Рентген строгого режима
Шрифт:
В темном, без окон, кузове воронка я ничего не видел. Битком набитая заключенными-этапниками машина помчалась по улицам Ленинграда. Примерно через полчаса остановилась, и нас стали по одному выгружать. Мы оказались где-то на задворках большого вокзала, влево и вправо от нас тянулись бесконечные нитки рельс, а неподалеку стоял обыкновенный с виду пассажирский вагон, один почему-то, как потом поняли, «столыпин». Сначала нас было человек двадцать, потом стали подъезжать еще воронки, и собралось уже около сотни или даже больше этапников. Нас плотным кольцом окружали солдаты с автоматами, обыкновенных – не заключенных – людей нигде не было видно. Началась посадка. Это было началом моей лагерной жизни, жизни политического заключенного, первые ее минуты…
Нас построили в очередь и по одному, с рук на руки, передавали конвою вместе с большим запечатанным
Начальник конвоя взял мой конверт, внимательно осмотрел меня с головы до ног, взглянул на мой мешок-сидор, опросил и, скомандовав «пошел», подтолкнул меня к вагону. С земли нелегко было взобраться на высокие ступени, да я еще был ослаблен тюрьмой и следствием. Подталкиваемый солдатом, я с трудом влез в вагон. В первый момент я увидел обычный коридор купейного вагона, но вместо привычной стены с откатывающимися дверями была стена из толстых круглых металлических прутков, как в клетках с хищными зверями в зоопарке, и сквозь прутья были видны руки и пальцы заключенных, уже сидевших в клетках. Размеры каждой клетки точно соответствовали размерам обыкновенного купе в пассажирском вагоне. Моя клетка, вторая от входа, была уже битком набита. Окна в купе не было, и я видел только согнутые спины и бледные лица сидящих на боковых лавках. Войти внутрь я не мог, было просто некуда, тогда двое солдат стали энергично заталкивать меня руками и ногами. В купе поднялась ругань, меня не пускали. Я возмутился и резко заявил конвою, что это безобразие, так не полагается. На поднявшийся шум пришел офицер.
– Сколько в камере? – спросил он.
– Семнадцать, – был ответ.
– Вот видишь, а по норме полагается двадцать три. Запихивайте его последним, а если будут шебаршить, добавьте пятерых.
Логика была неумолима, и меня затолкали в камеру, дверь с лязгом задвинулась, и ее закрыли на большой висячий замок. Я стоял, придавленный к чьей-то спине. В соседнем купе стоял страшный шум и гам, оно было уже закрыто, и там устраивались. Из дальнего купе неслись женские вопли и чудовищная ругань, и то, что так ругались женщины, было особенно невыносимо...

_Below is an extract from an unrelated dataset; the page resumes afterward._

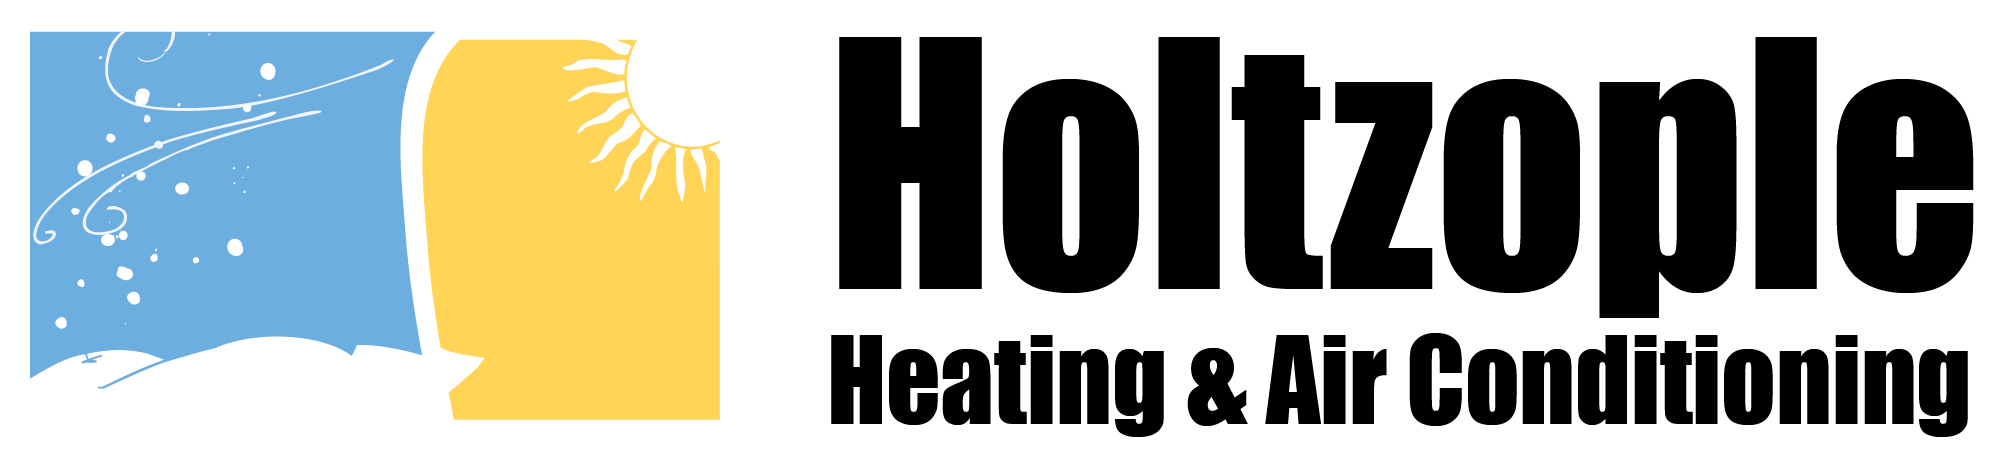 Holtzople-new-logo

Осознав, что в нашей судьбе ничего к лучшему не изменится, мы начали устраиваться. Верхние полки купе были соединены досками и образовывали как бы лежанку с дыркой в углу – лазом, самые верхние полки, багажные, тоже были соединены досками и тоже имели в углу дыру. Таким образом, купе стало трехэтажным. Это было здорово придумано, вместо четырех человек в обыкновенном купе перевозить двадцать три... Мне повезло, я вошел в купе последним и, следовательно, остался внизу, и пока нас везли двое суток до Вологды, просидел на дощечке под заколоченным окном, на том месте, где в нормальном купе находится столик. На дорогу нам выдали сухой паек – полбуханки черного хлеба, селедку и малюсенький пакетик – с наперсток черного кофе, да был еще и сахарный песок – четыре чайные ложки. Кипяток давали два раза в день. В туалет выводили по просьбе, но только по два человека одновременно, но при таком питании туалет особенно и требовался...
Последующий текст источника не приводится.